PHOTO STEPHANE DE SAKUTIN, ARCHIVES AGENCE FRANCE-PRESSE

Plus d’une centaine de pays plaident, de concert avec une kyrielle d’organisations humanitaires, pour la suspension temporaire des brevets des vaccins contre la COVID-19.

La levée des brevets sur les vaccins de COVID-19 par l’OMC constitue, dit-elle, un impératif puisqu’il est impossible de négocier à la pièce avec chaque firme, pays par pays, pour obtenir le droit de produire et utiliser les vaccins. Le fait que des dizaines de compagnies peuvent détenir des droits de propriété sur un composant ou un autre des vaccins en question rend toute solution négociée encore plus kafkaïenne.

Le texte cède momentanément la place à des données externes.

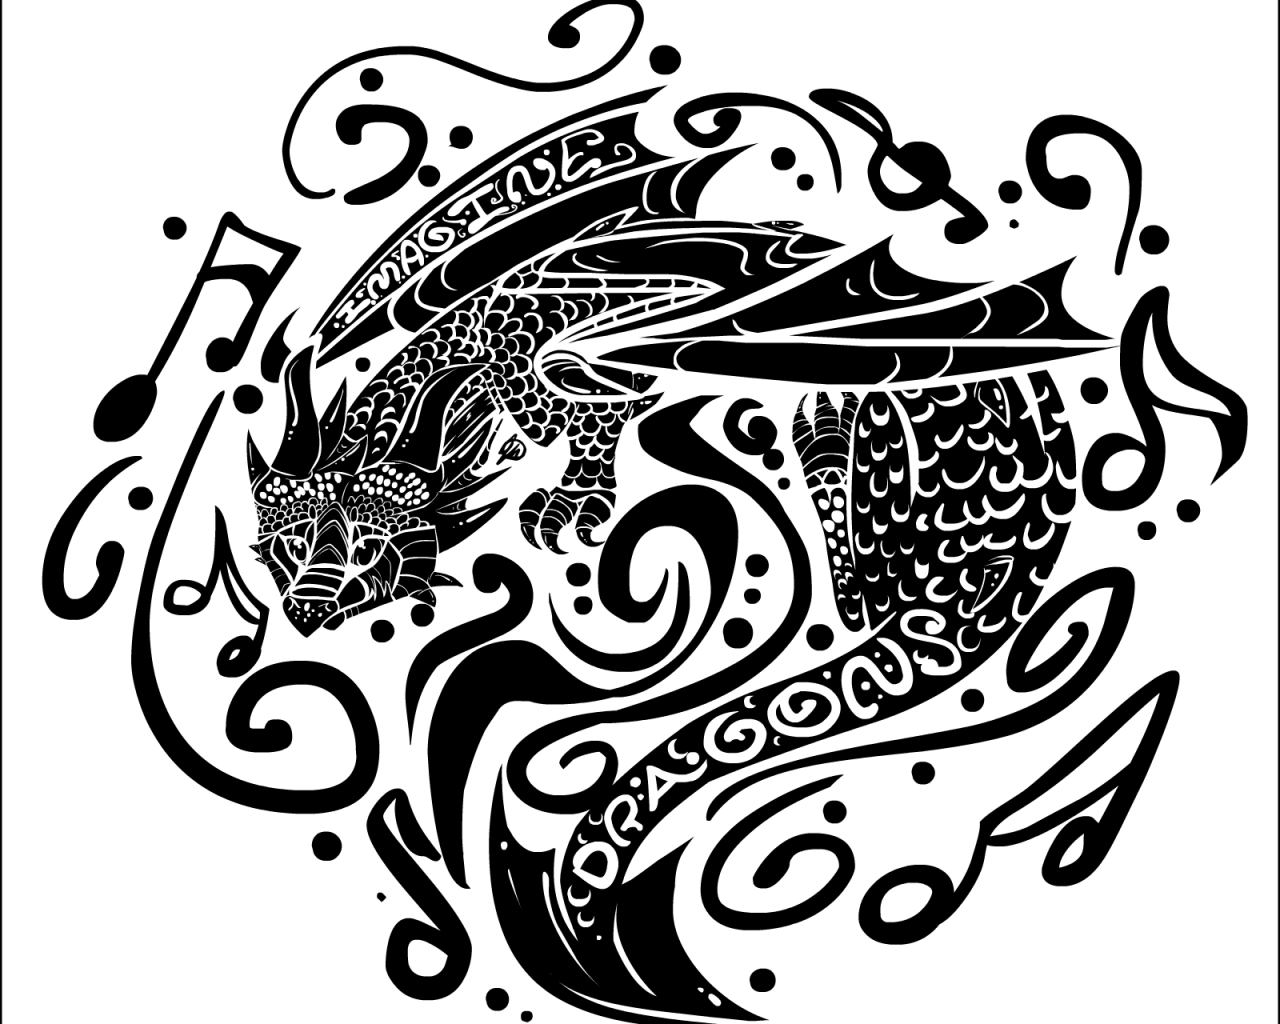 Imagine Dragons: татуировка знак группы

Les firmes pharmaceutiques concernées doivent accepter de transférer les technologies, en particulier pour la nouvelle génération de vaccins à base d’ARN messager, et être « contraintes de le faire » si elles refusent de collaborer, dans le cas où les États parviennent à un consensus à ce sujet, dit-elle.

Denise Byrnes note que les compagnies ayant produit les premiers vaccins contre la COVID-19 ont déjà engrangé des profits faramineux qui ont permis à beaucoup de gestionnaires de devenir littéralement milliardaires après avoir bénéficié d’importantes subventions publiques pour assurer la recherche et le développement.

« C’est le temps de partager. Ces vaccins appartiennent en quelque sorte à tout le monde », conclut-elle.

Les producteurs de vaccins promettent des doses

Les producteurs de vaccins contre la COVID-19 Pfizer/BioNTech, Moderna et Johnson & Johnson, qui se voient pressés de partager leur technologie et leur savoir-faire pour corriger les inégalités existantes, se sont engagés vendredi au cours d’un sommet du G20 à fournir à prix coûtant ou réduit 3,5 milliards de doses aux pays les plus pauvres en 2021 et 2022. Les responsables des laboratoires ont fait cette promesse à l’occasion d’un sommet virtuel sur la santé organisé par la présidence italienne du G20 et la Commission européenne. « Tout le monde, partout » doit avoir accès aux vaccins, a déclaré la présidente de la commission, Ursula von der Leyen.